Thursday, March 01, 2007

all the while I was alone, the past was close behind

I would have loved to do as chai did in her post, and as agk did in turn, and write a post in the voice of myself as an 8-year old, reflecting on my current self. I don't know if it's because I was such a sheltered child, if I have gone so awry, or if, simply, I'm a bit older than chai and agk, but I found it impossible. The 8-year old and I are complete strangers. The 8-year old would not believe who I am, where I am, what I am. And I would not know how to explain it to the 8-year old version of myself. I will say this- as an 8-year old, I spent very little time thinking about who I was going to grow up to be. This might sound rather dramatic, but I spent most of my time just hoping I would grow up. I spent my time confused and fascinated, and I suppose in that sense, the 8-year old and I do share something in common. But beyond that, I'm at a loss.

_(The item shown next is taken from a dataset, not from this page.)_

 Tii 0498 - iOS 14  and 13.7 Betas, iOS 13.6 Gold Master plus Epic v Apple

But it did get me thinking about age, and one thing I find absolutely profound about age. Which is change, of course.

But not wrinkles and aches and people coming in and out of your life. Because the changes that strike me squarely are the measurable ones- the things that go from being unknown to known. The things we collectively begin to understand. This always hits most closely to the jugular when it's related to research. Research, after all, is about a different time scale. It's about patience and faith in so many ways, and even then, it's so often fruitless.

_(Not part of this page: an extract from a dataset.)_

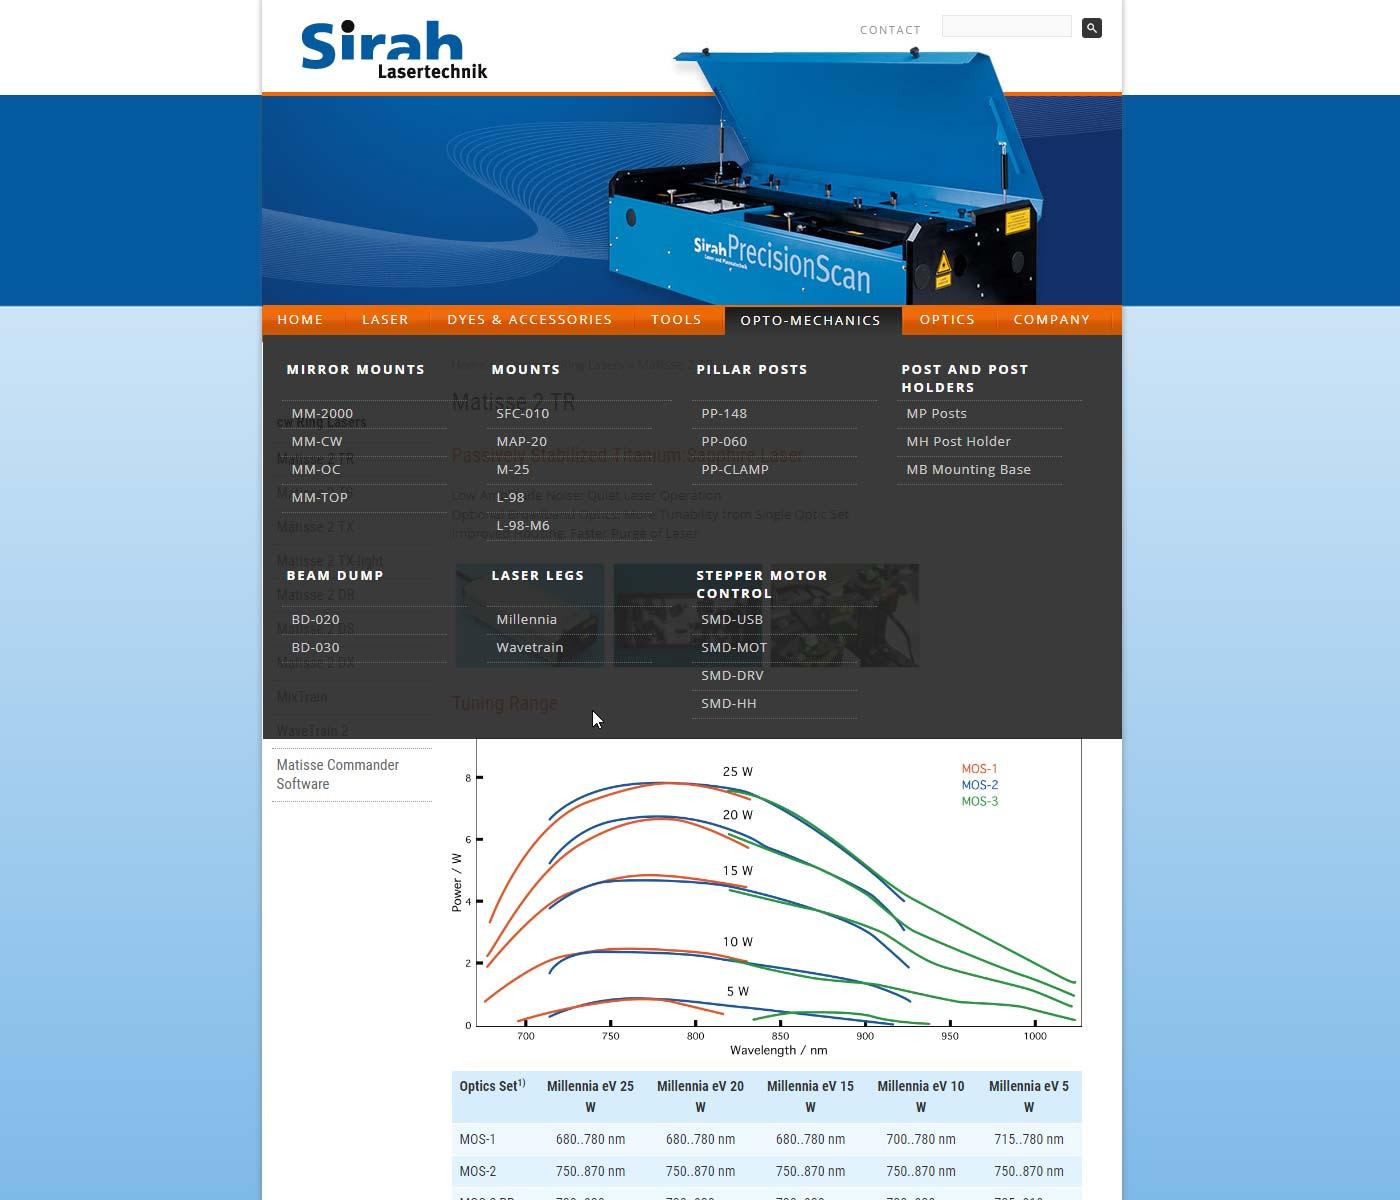 Sirah Lasertechnik - Website

And yet, every time it happens, this quantum leap where a hypothesis becomes a fact, I inevitably swoon. So, a long time ago, in a galaxy far, far away, when I used to work in the labs, I used to talk to a friend about a project he was working on, a project to treat HIV. The first anti-retrovirals were just being introduced on the market; AIDS was about to morph into a completely different disease than the life sentence it had been theretofore. But we didn't know that then. We just knew anti-retrovirals were going to offer some hope, but that they would not necessarily knock down HIV completely.

This was also before the days of mapping the entire Human Genome. But still, there was science, there were hypotheses, there was feeling around in the dark (even now, half of good research is feeling around in the dark). And here's what was cool about my friend's project. Researchers had discovered that there was a subset of high-risk individuals who were repeatedly exposed to HIV, but never contracted it. How could this be? HIV was proving to be very easily contracted through sex or sharing needles, so how could a certain subset just keep dodging the bullet? This triggered some interest in teasing out what was responsible for this resistance. And that led to the discovery of the CCR5 receptor.

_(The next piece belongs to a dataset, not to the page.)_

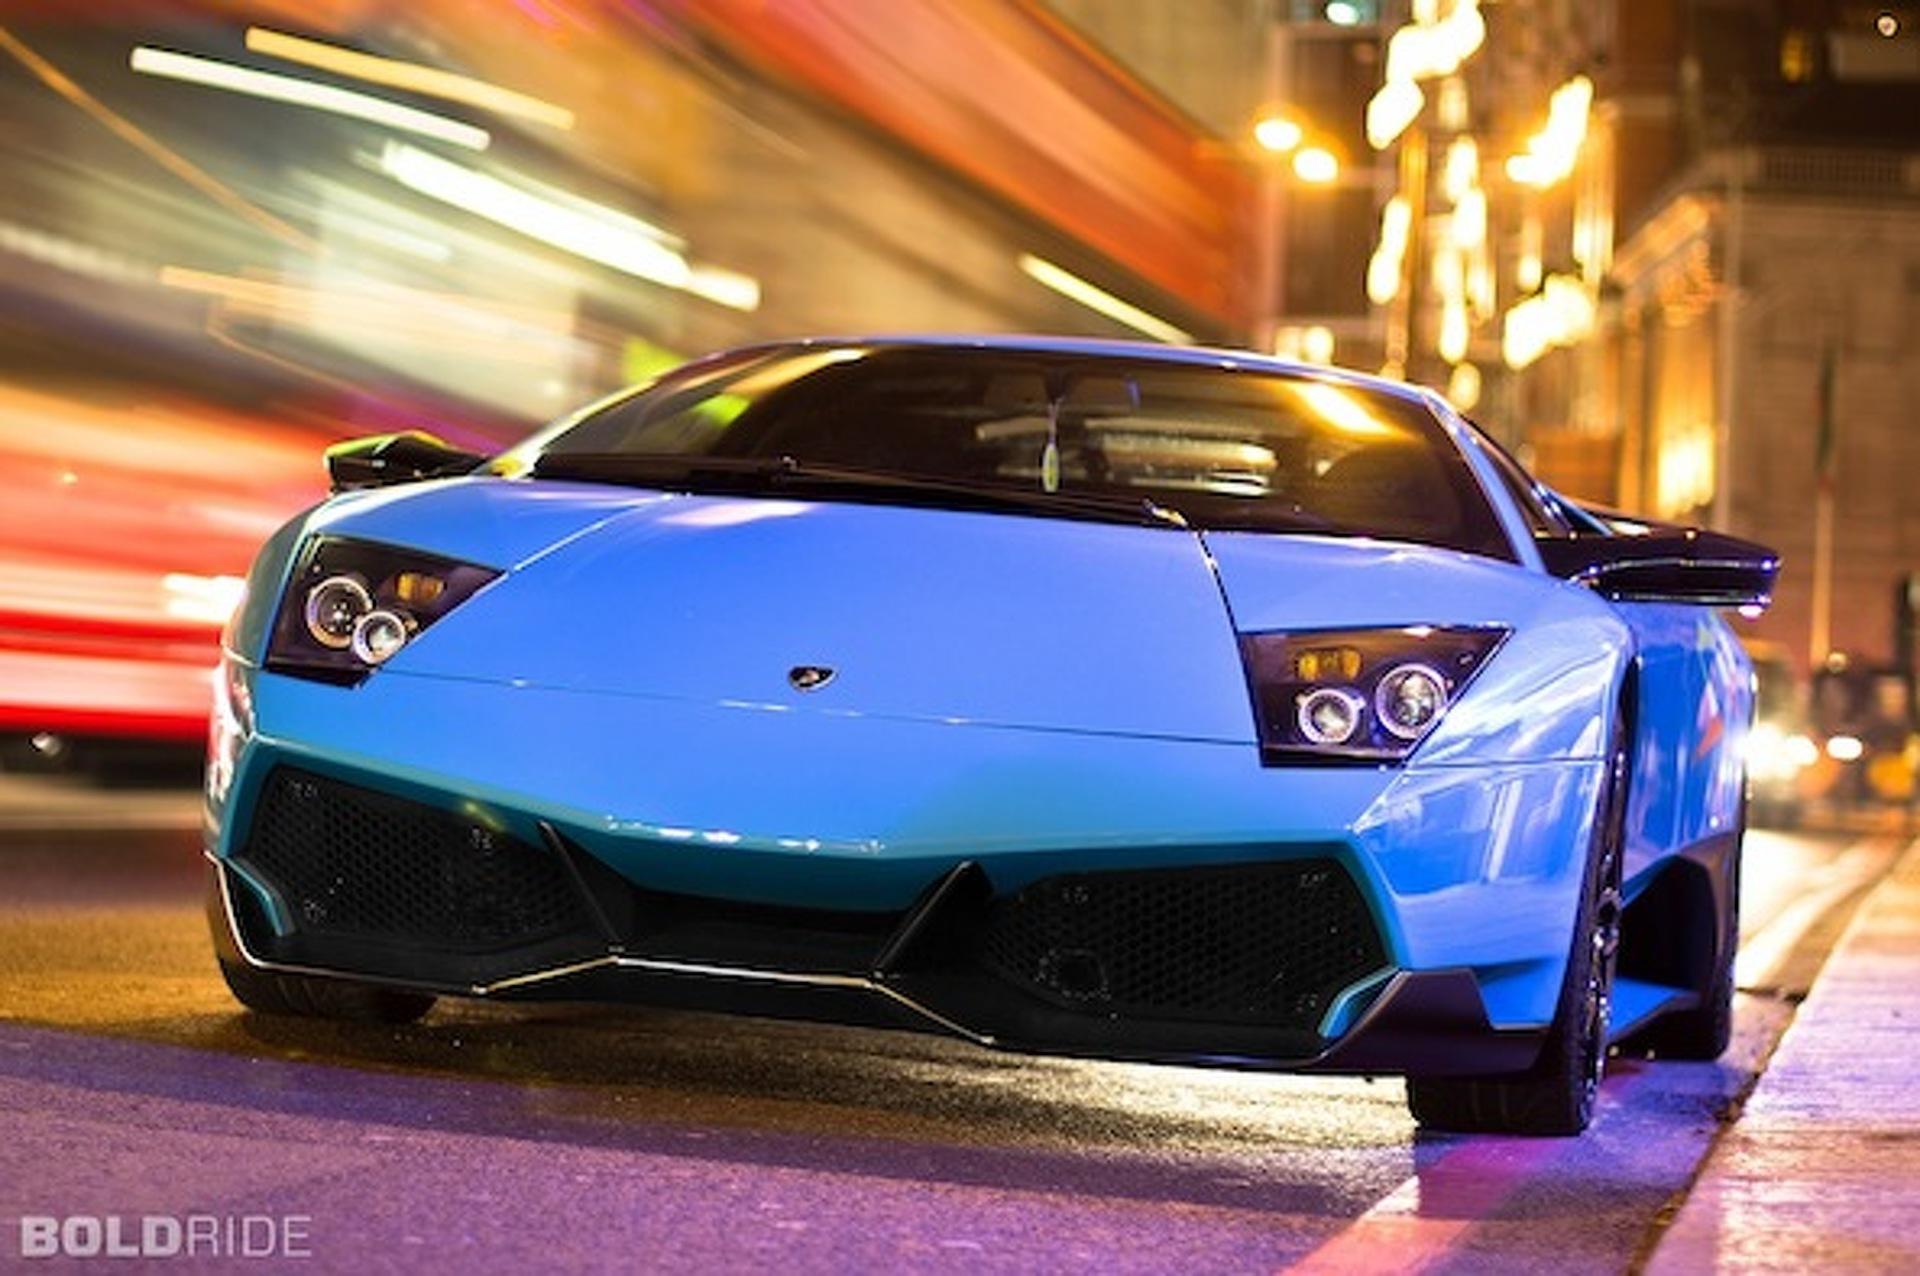 Wheels Wallpaper: Lamborghini Murcielago SV

The CCR5 receptor is recruited by HIV as its Benedict Arnold, a coreceptor that turns against you to let HIV into your cells. It turns out that a small subset of Europeans make a genetic variant of CCR5, called CCR5-D32, and it is this mutation that bestows them with an increased resistance to HIV infection. Now, that might seem like a breakthrough, i.e. ah you geeks figured it out, block CCR5, we've got a drug. But y'all, that was years ago, over a decade ago, the discovery of CCR-D32. And just because you can tease out this sort of thing in a single receptor, it doesn't always mean it will amount to any clinical benefit.

So, here it is 2007, and there's an article in the NYT reporting the first definitive evidence that a molecule that blocks the activity of the CCR5 receptor can knock out detection of HIV in patients who have failed other treatment cocktails. Now, there are still some fears about such drugs. It's always a little concerning as far as safety goes when a drug that's treating viruses is manipulating your machinery instead of the machinery of the virus.

For me, it's just sort of awe-inspiring, to be in some small part a witness to watching stories like this unfold. In a climate when so much demands immediacy, when we want to get spoilers for our favorite serials and we lose feeling for big news a week after it hits, there is something so compelling about a story that inches along like this. It's like a research-version of The Sopranos- you're frustrated, you're angry that there's such a long wait between seasons, but hell if you aren't pulled right into fascination when the next installment trickles out.

p.s. Happy Birthday to one of my favorite scientists and bloggers, Maitri- thanks to her, I am vexed when people cite "the devastation of Hurricane Katrina" as an example of the impact of global warming, and testily mutter, "the levees, b*tches." And a sort-of belated birthday shout-out to Abhi- thanks to him, I have resisted the urge to join in the astronaut-bashing that has been happening as of late.